Психические патологии всегда на грани одержимости духами злобы – они мистичны по своему содержанию. Читатель уже имел возможность познакомиться с мистицизмом Скрябина. На его примере легко проиллюстрировать мистическое содержание тяготений к прошлому и будущему.
В бытийной точке (в настоящем), в которой одновременно сходятся и прошлое, и будущее, все время происходит жатва того, что было посеяно в прошлом и посев того, что вырастет в будущем. Пребывание в этой точке очень ответственно, здесь необходимо дать ответ за прошлое (оценить его, раскаяться в ошибках) и взять ответственность за выбор будущего. Адепты полярных духов бегут от этой напряженной ответственности: одни из ложного бесстрашия (чего страшиться, ведь Бога нет) и своеволия (отвечать не перед кем, Бога нет); другие из страха (любви в них нет, а только она побеждает страх) и лжепослушания (этим можно, по их мнению, избежать ответственности). «Наступила вечность и бесконечность, – пишет он, – бесконечное прошлое, за ним следующее, и бесконечное будущее, ему предшествующее. Единственное данное есть настоящий момент, которого нет. Отдаленнейшее прошлое, ты существуешь только в будущем» [312].

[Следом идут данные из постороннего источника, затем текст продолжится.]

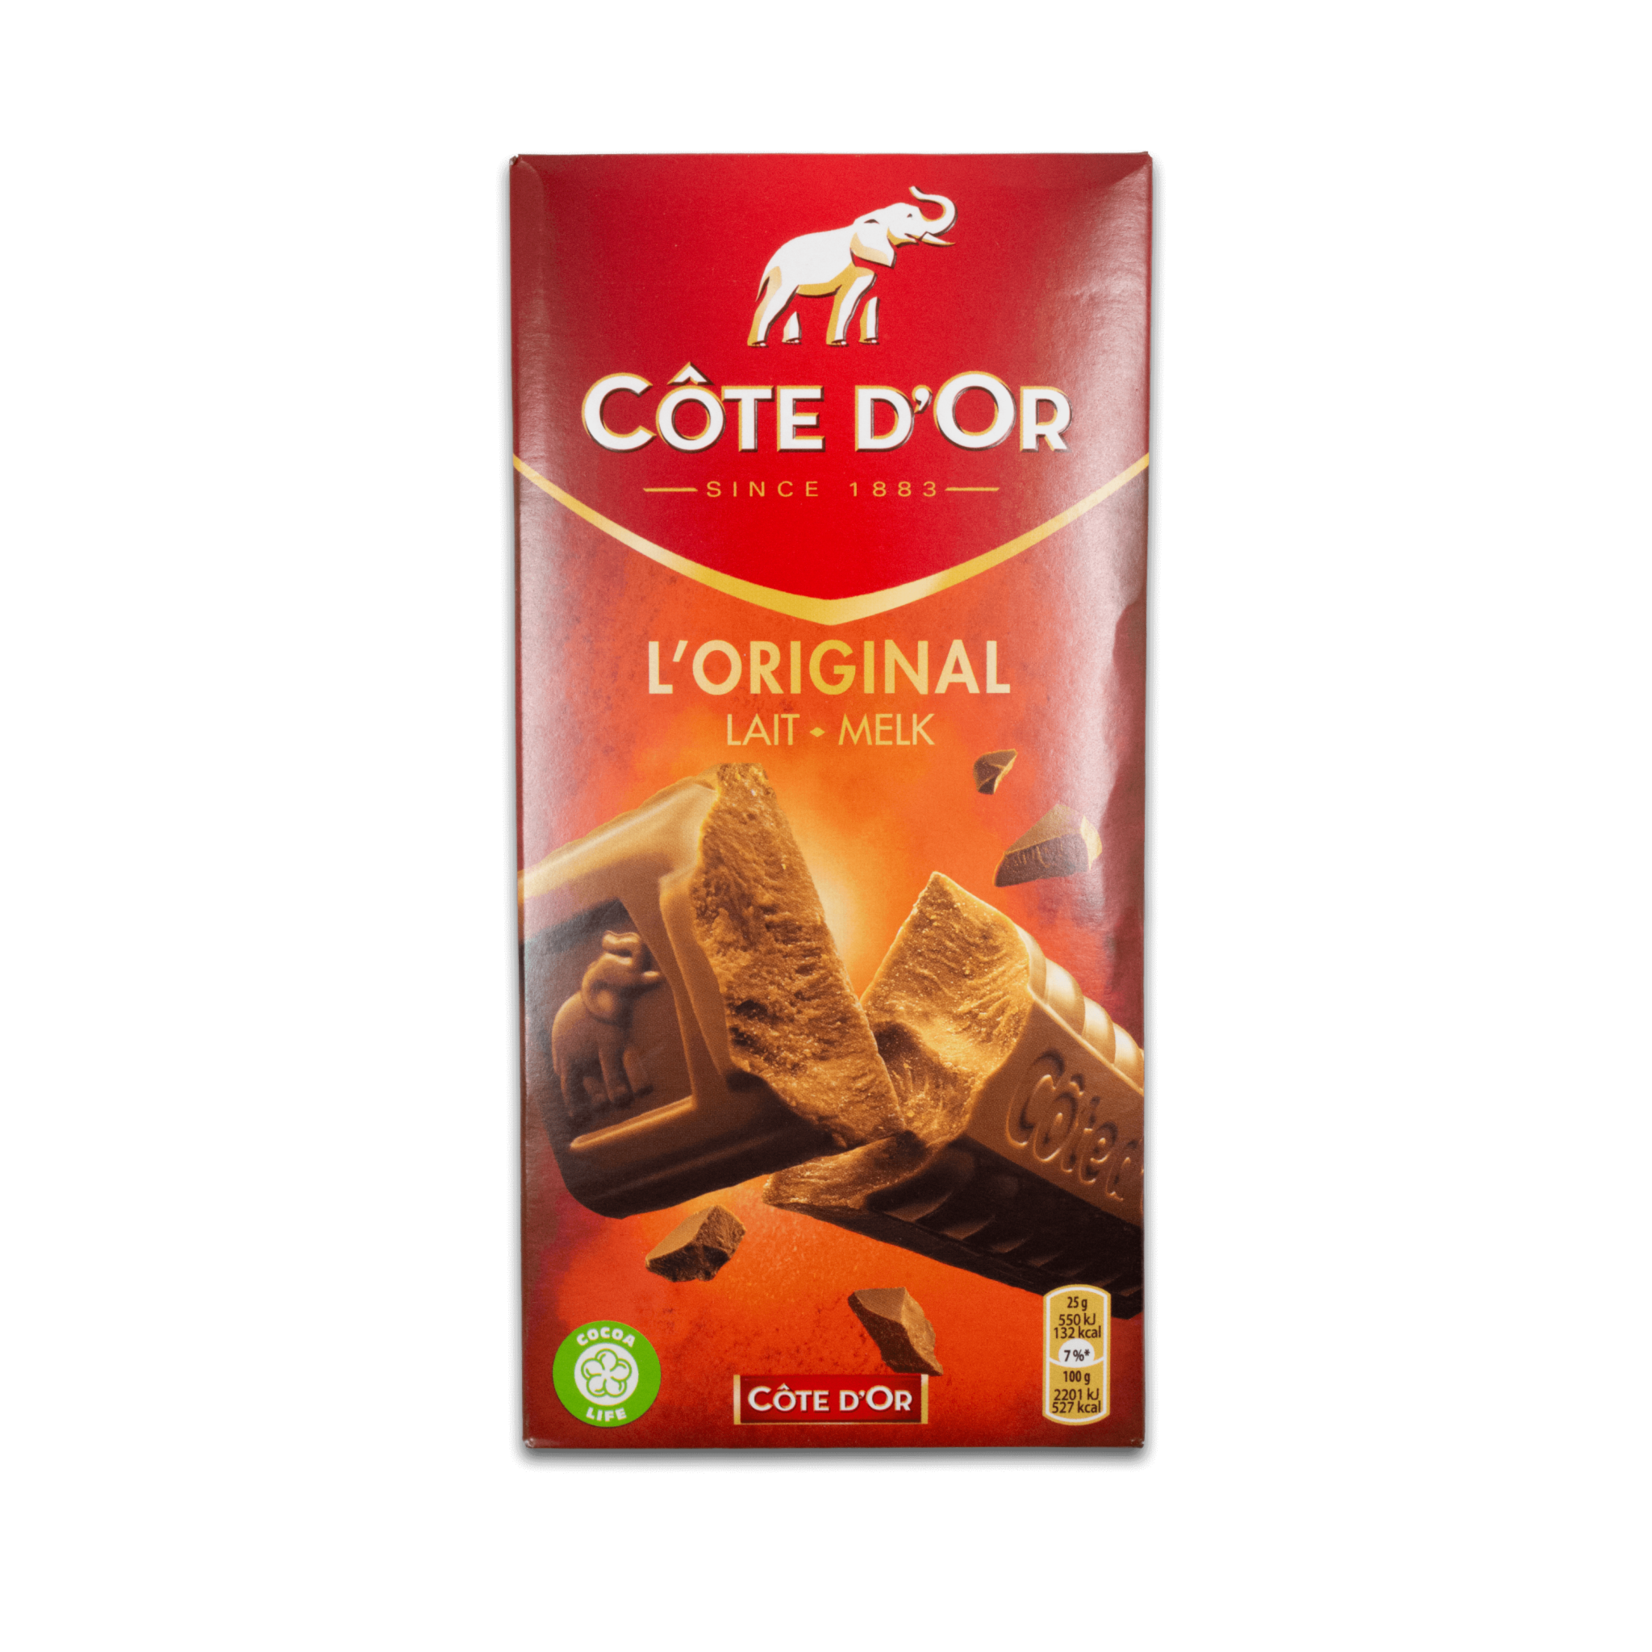 Cote D'Or Cote D'Or Milk Chocolate 200g

Ответственность приходит из духовного понимания происходящего, а духовное понимание во время молитвенного созерцания. Но для того, чтобы заниматься созерцанием надо как бы выйти из мира, остраниться от него, ибо пока человек един с миром – у него не может быть и понимания мира, так как понять его можно только со стороны. Монахи-созерцатели, которые отреклись от мира, как раз и имеют такую возможность знать о мире больше, чем знает он сам о себе, поэтому без таких созерцателей мир обречен блуждать в своих путях. Как, собственно, и каждый человек, – без созерцания, без выпадения из мира, не способен даже в этом мире сделать что-то духовно значимое и материально долговечное.